___ EXERCISE DATA ___

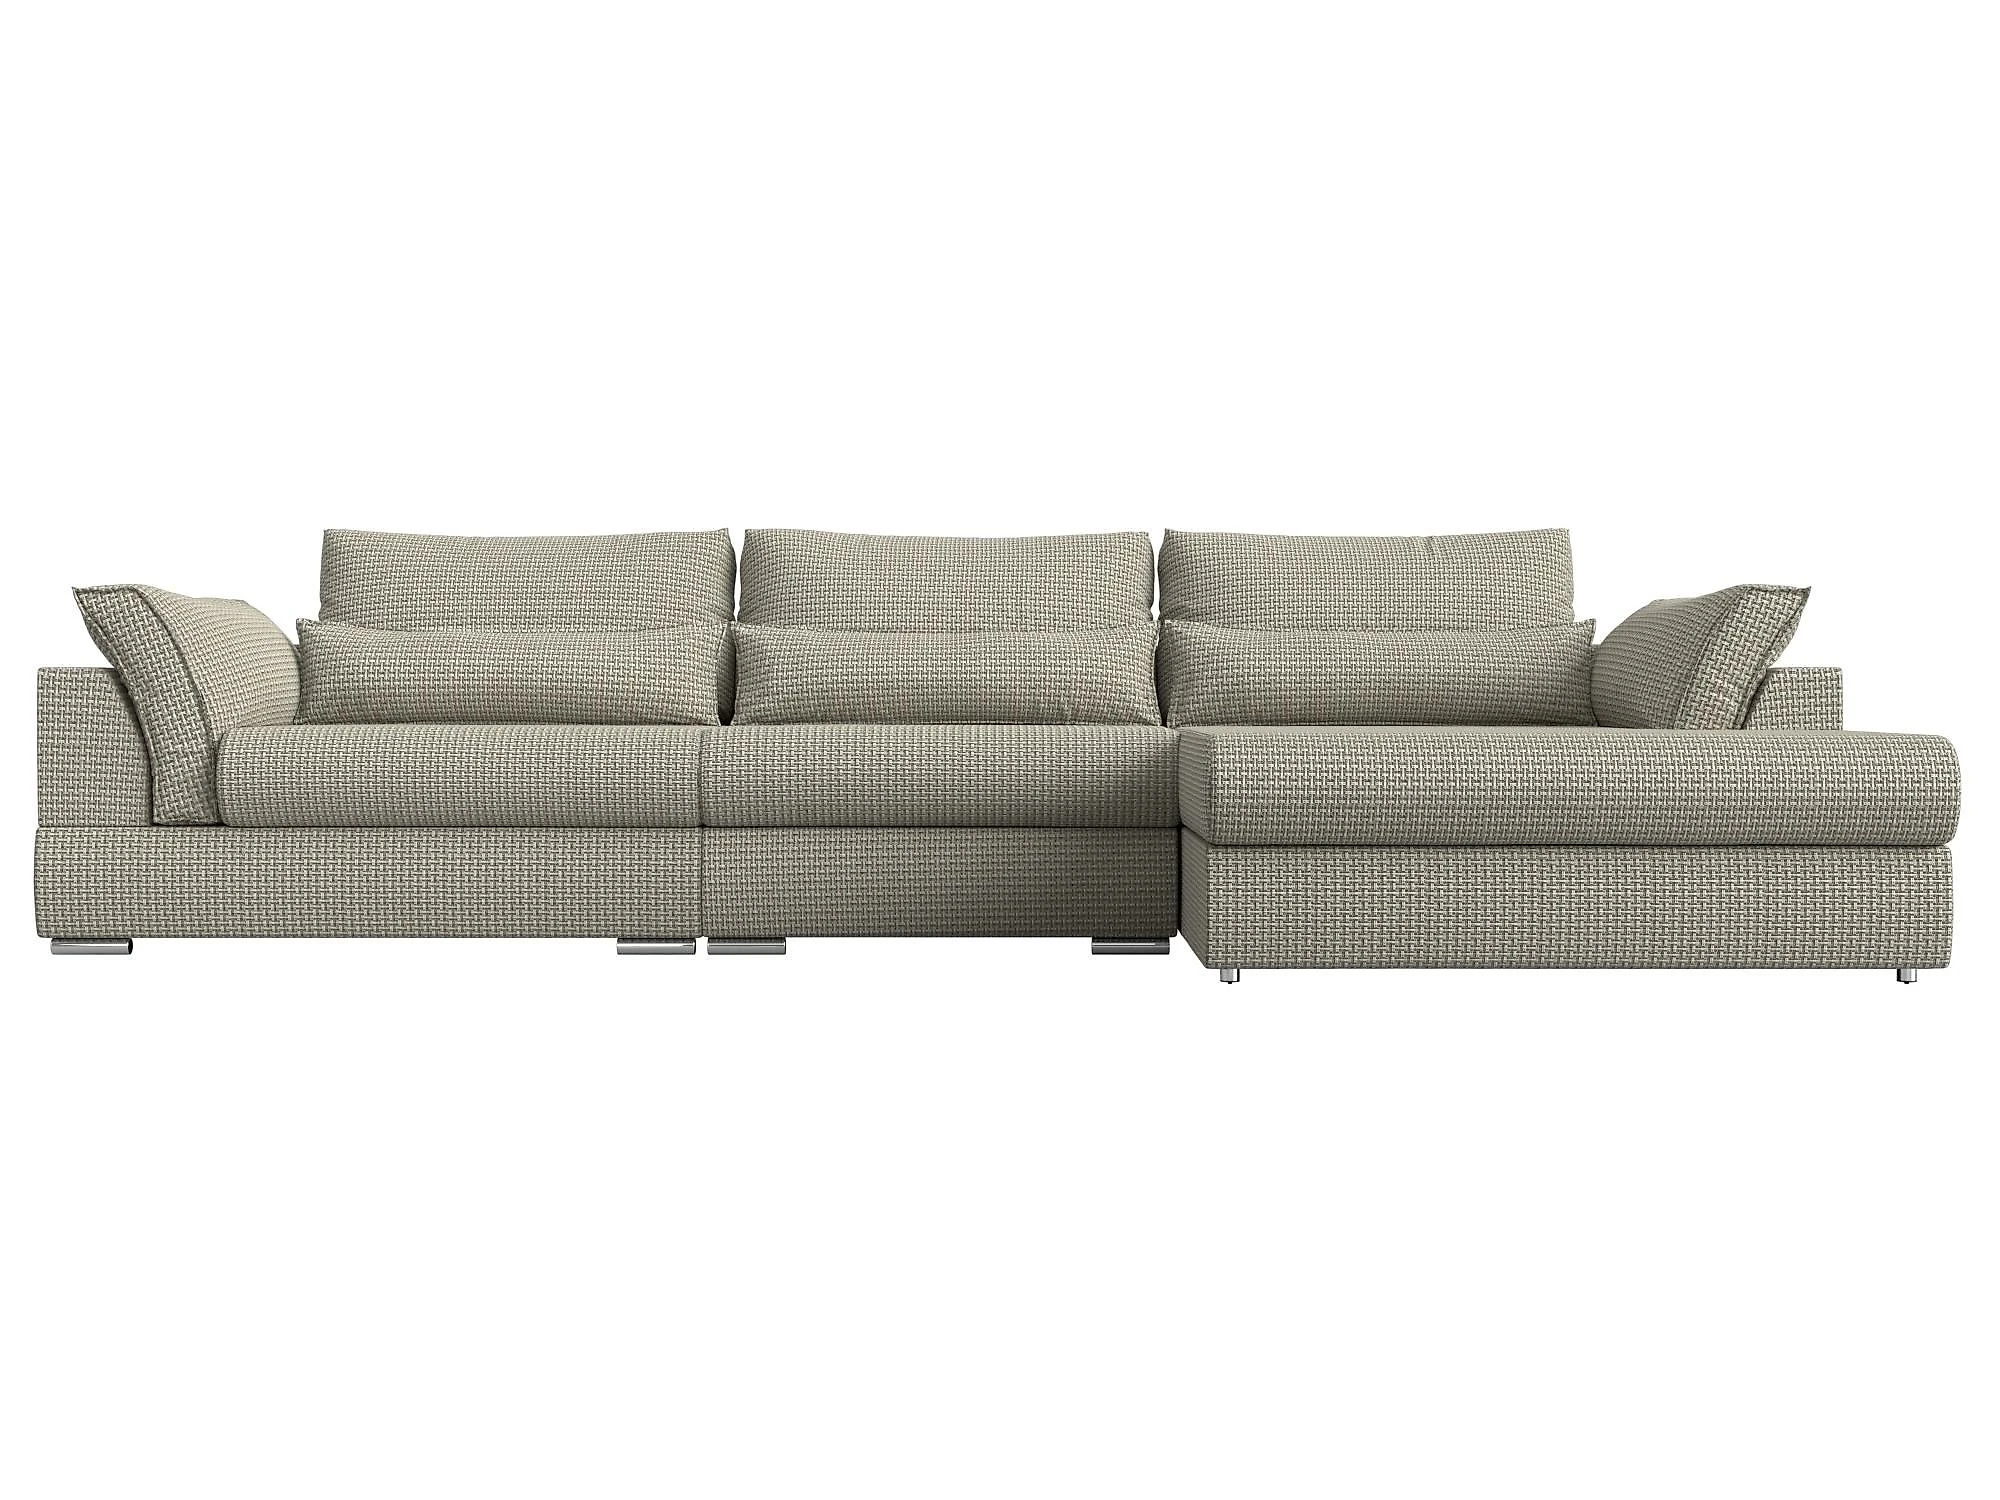  угловой диван из рогожки Пекин Лонг Дизайн 10
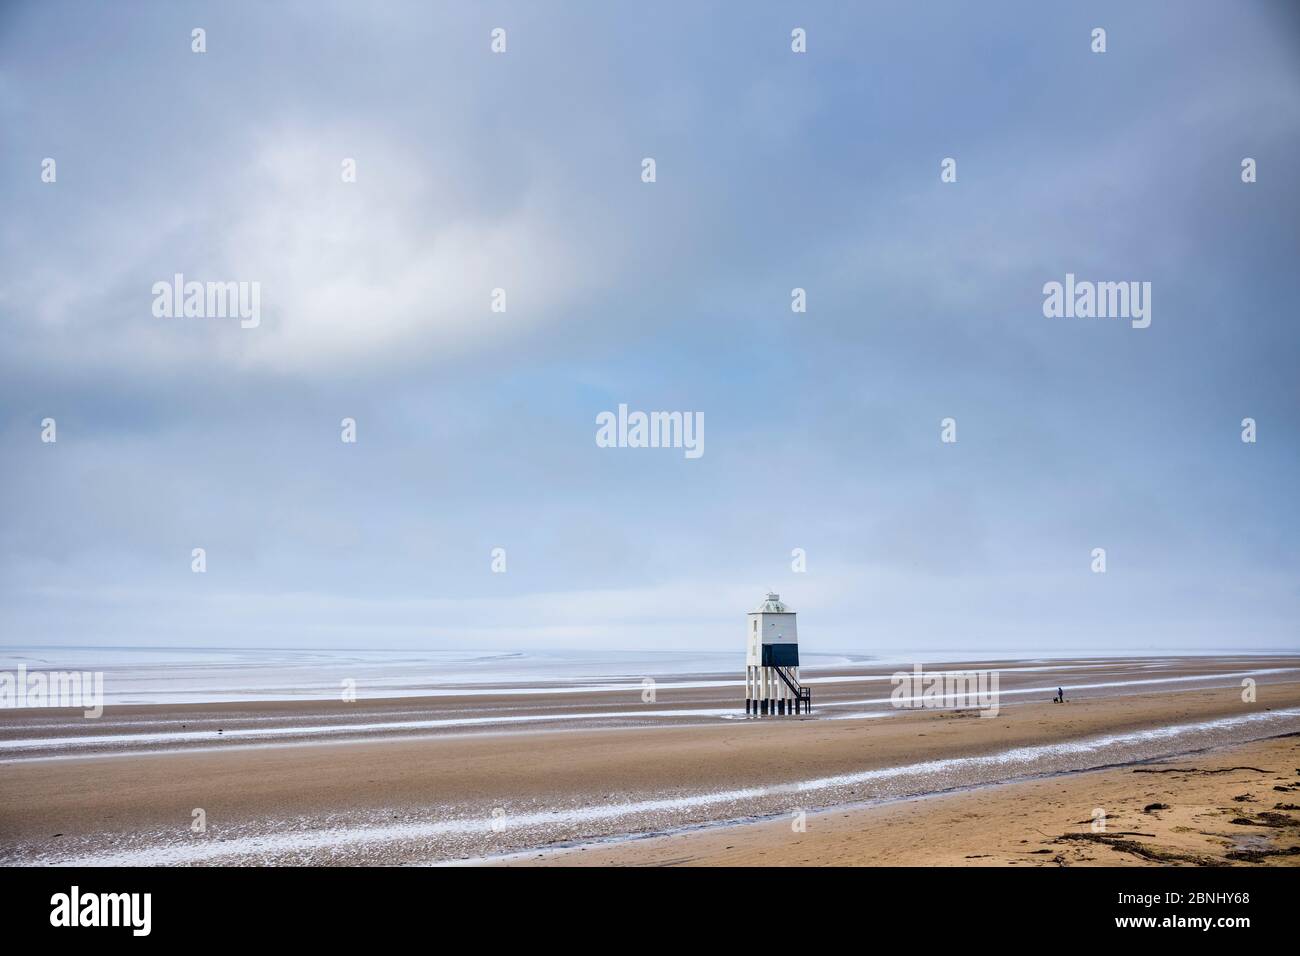 Eine Person, die Hunde entlang des Sandstrandes der Küste entlang läuft und die Einsamkeit am Bristol Channel in Burnham-on-Sea, Somerset, Großbritannien, genießt Stockfoto
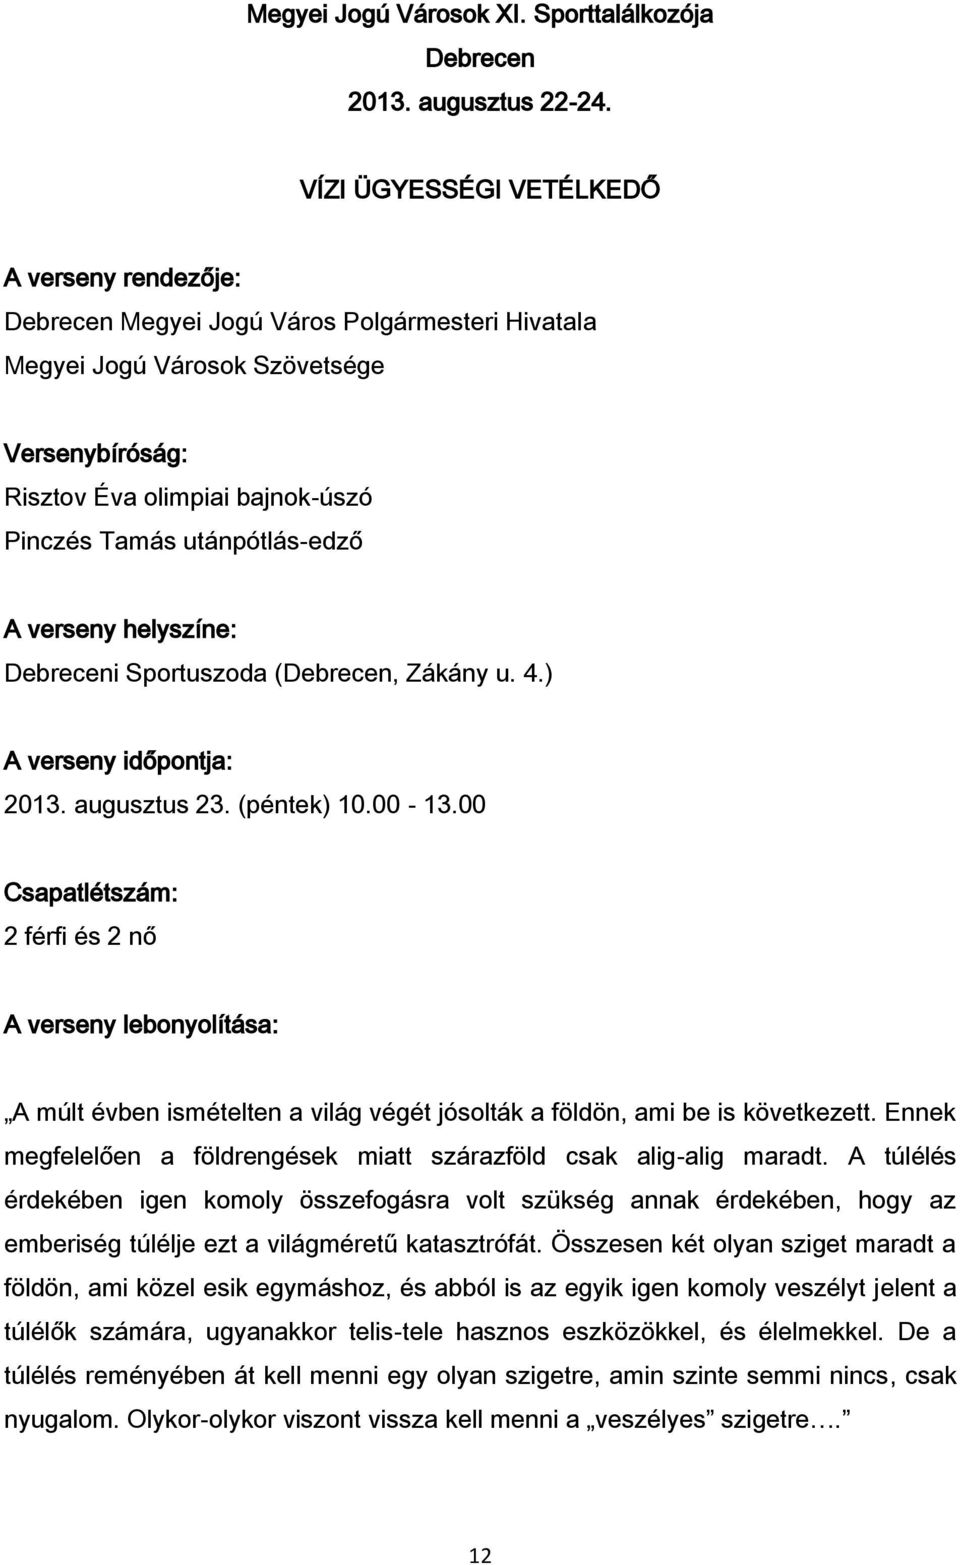 utánpótlás-edző A verseny helyszíne: Debreceni Sportuszoda (Debrecen, Zákány u. 4.) A verseny időpontja: 2013. augusztus 23. (péntek) 10.00-13.

___

■ YOUR TASK ■
Print the data above exactly; drop every picture.

■ ANSWER FOR THIS EXERCISE ■
  угловой диван из рогожки Пекин Лонг Дизайн 10
 Eine Person, die Hunde entlang des Sandstrandes der Küste entlang läuft und die Einsamkeit am Bristol Channel in Burnham-on-Sea, Somerset, Großbritannien, genießt Stockfoto
 utánpótlás-edző A verseny helyszíne: Debreceni Sportuszoda (Debrecen, Zákány u. 4.) A verseny időpontja: 2013. augusztus 23. (péntek) 10.00-13.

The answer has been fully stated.